The nature and the field of application of the invention will emerge more clearly from the following diagrams.

FIG. 1 represents a sectional view of a device resulting from the application of a film according to the invention to an optical guide 3 illuminated on its edge by a light source 10. This light source can be for example a fluorescent tube, a light-emitting diode, an arc lamp, an incandescent lamp, etc ... The light flowing in the guide by total reflection at its walls meets the high index PSA film 2 deposited against one of the faces delimiting the plane guide, substantially extended face and parallel to the guided light rays, totally reflective face vis-à-vis the guided light in the absence of superficial deposit and so-called reflective or propagative, and allowing optical contact with a transparent carrier film index high 1. The guided light is refracted and transmitted through the PSA layer 2, and enters the film 1 support of the light emitter or decoupler pattern 11. In this case the film 1 is transparent and the decoupler pattern 11 comprises a surface substantially perpendicular to the rays flowing in the guide, and reached by them, surface which allows their decoupling to the medium 5 'surrounding the guide, for example air and which allows to illuminate a surface 5 so as to make it more visible for an observer O located in this case on the other side of the guide. Note that the device described in Figure 1 is part of so-called front lighting devices that allow to illuminate any object on its front so as to avoid loss of lights due to a backlight. The decoupler 2. S 11 may be for example a transverse strip of material substantially perpendicular to the direction of propagation of the light in the guide, or a pad of transparent material, of high refractive index, preferably higher than the refractive index of the guide 3.

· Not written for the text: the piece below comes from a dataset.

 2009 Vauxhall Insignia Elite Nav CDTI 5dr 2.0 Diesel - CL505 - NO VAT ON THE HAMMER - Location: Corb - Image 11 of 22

FIG. 2 represents a sectional view of a device having the same function as the device described in FIG. 1, but different in that the decoupler units 12 consist of inclined prisms made of transparent material whose refractive index is greater than the material of the guide 3 These prisms may be contiguous at their base, or spaced apart by non-decoupling flat portions vis-à-vis the guided light.

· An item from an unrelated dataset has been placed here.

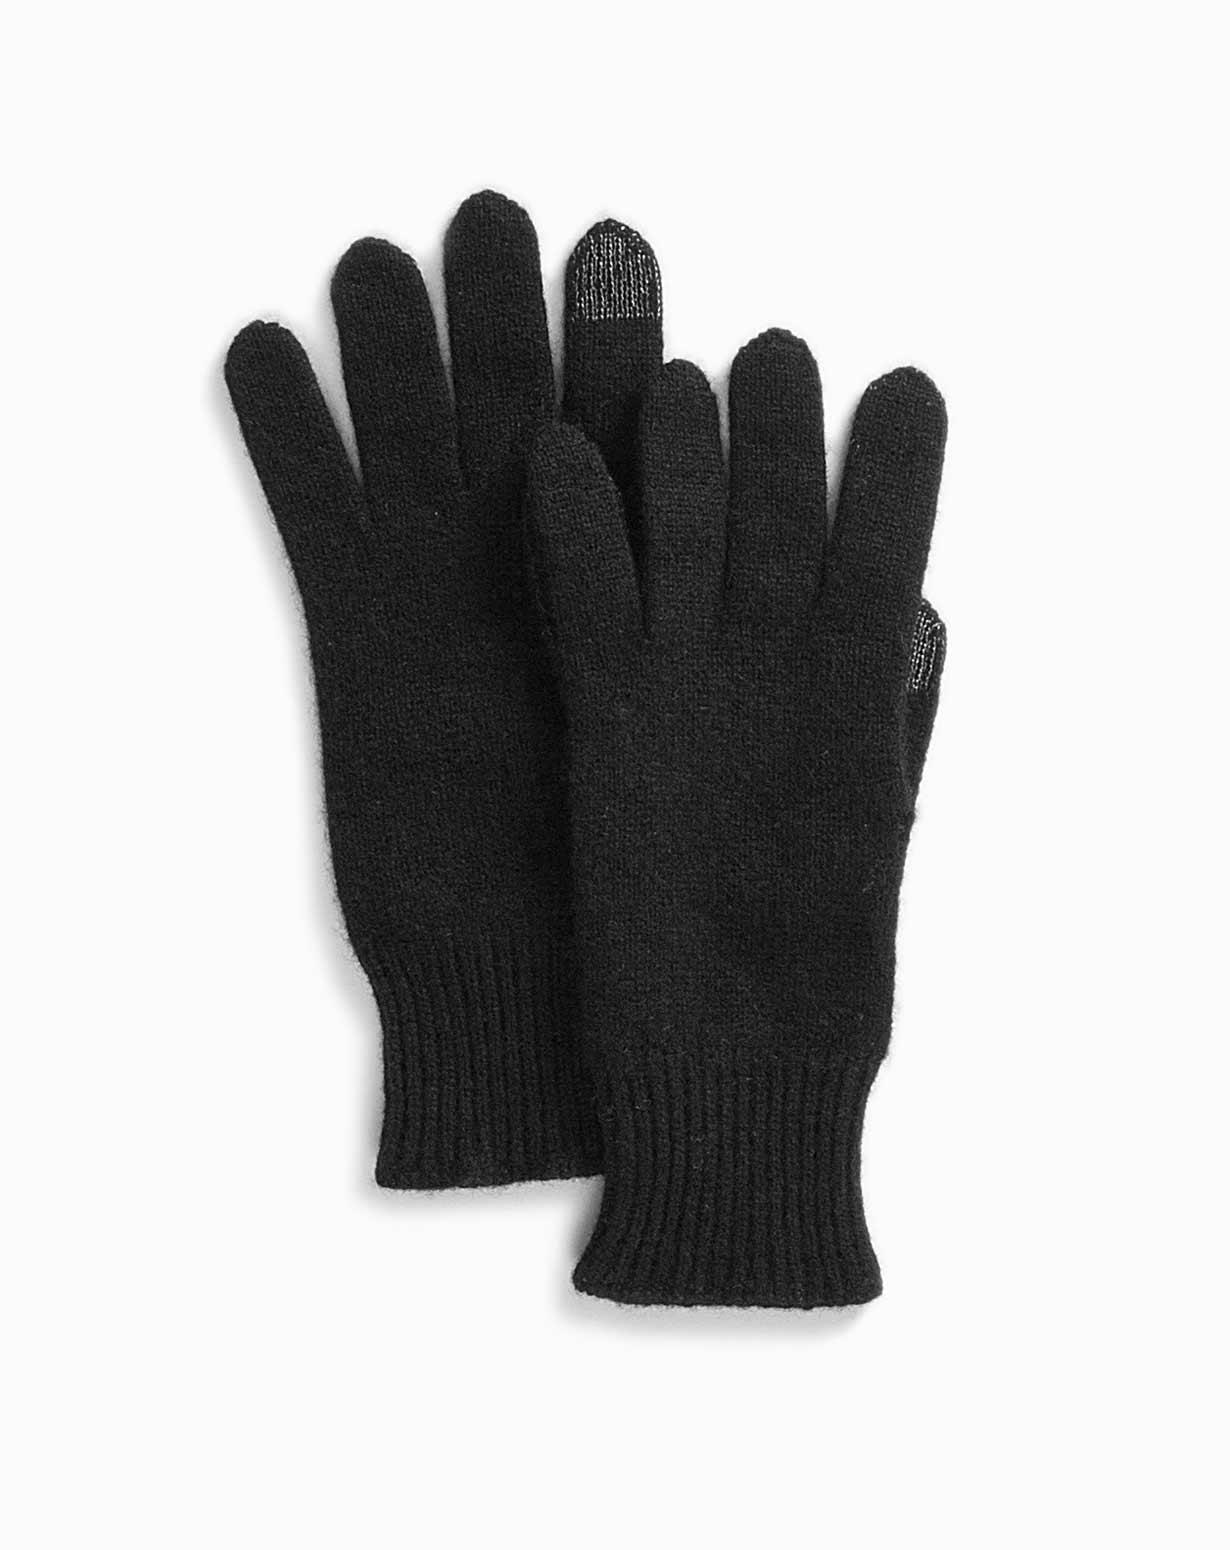 57527e265b12a Women's Cashmere Touchscreen Gloves   MaisonCashmere

FIG. 3 represents a device resulting from the application of a film according to the invention to an illuminated optical guide 3 on its wafer, characterized in that the decoupler pattern 13 is this time made up of reflecting mirrors allowing the reflection of light. guided towards the opposite face of the light guide 3 to that carrying the pattern 13, to an object 5 and an observer O or to an observer O ', etc. .... The reflection may be metallic or total. In this way it is possible to colimate the beam circulating in the guide in the form of a plane wave normal to 40 and large in size. It is possible to impose on the mirror 13 a shape making it possible to obtain a large beam having defined characteristics of emission in spatial directions and in intensity so as to increase its visibility in a given direction (emission in a restricted solid angle) or to improve the energy performance of a lighting module (applications in the flat screen, road signs, etc ...). FIG. 4 represents a device resulting from the application of a film according to the invention to an illuminated optical guide 3 on its wafer, characterized in that the decoupler unit 14 consists of a thickness of diffusing material allowing the extraction of the light flow guided by the guide 3 to an object 5 and an observer O. It is thus possible to obtain homogeneous and economic planar sources for transforming the point light of a light-emitting diode into a flat source with good performance.The applications are located in the sign, signage, lighting (inexpensive light wall and original lights), etc ....

FIG. 5 represents a device resulting from the application of a film according to the invention to an illuminated optical guide 3 on its wafer, characterized in that the decoupler pattern 15 consists of a thickness of a diffusing element enabling an illumination on both sides of the device.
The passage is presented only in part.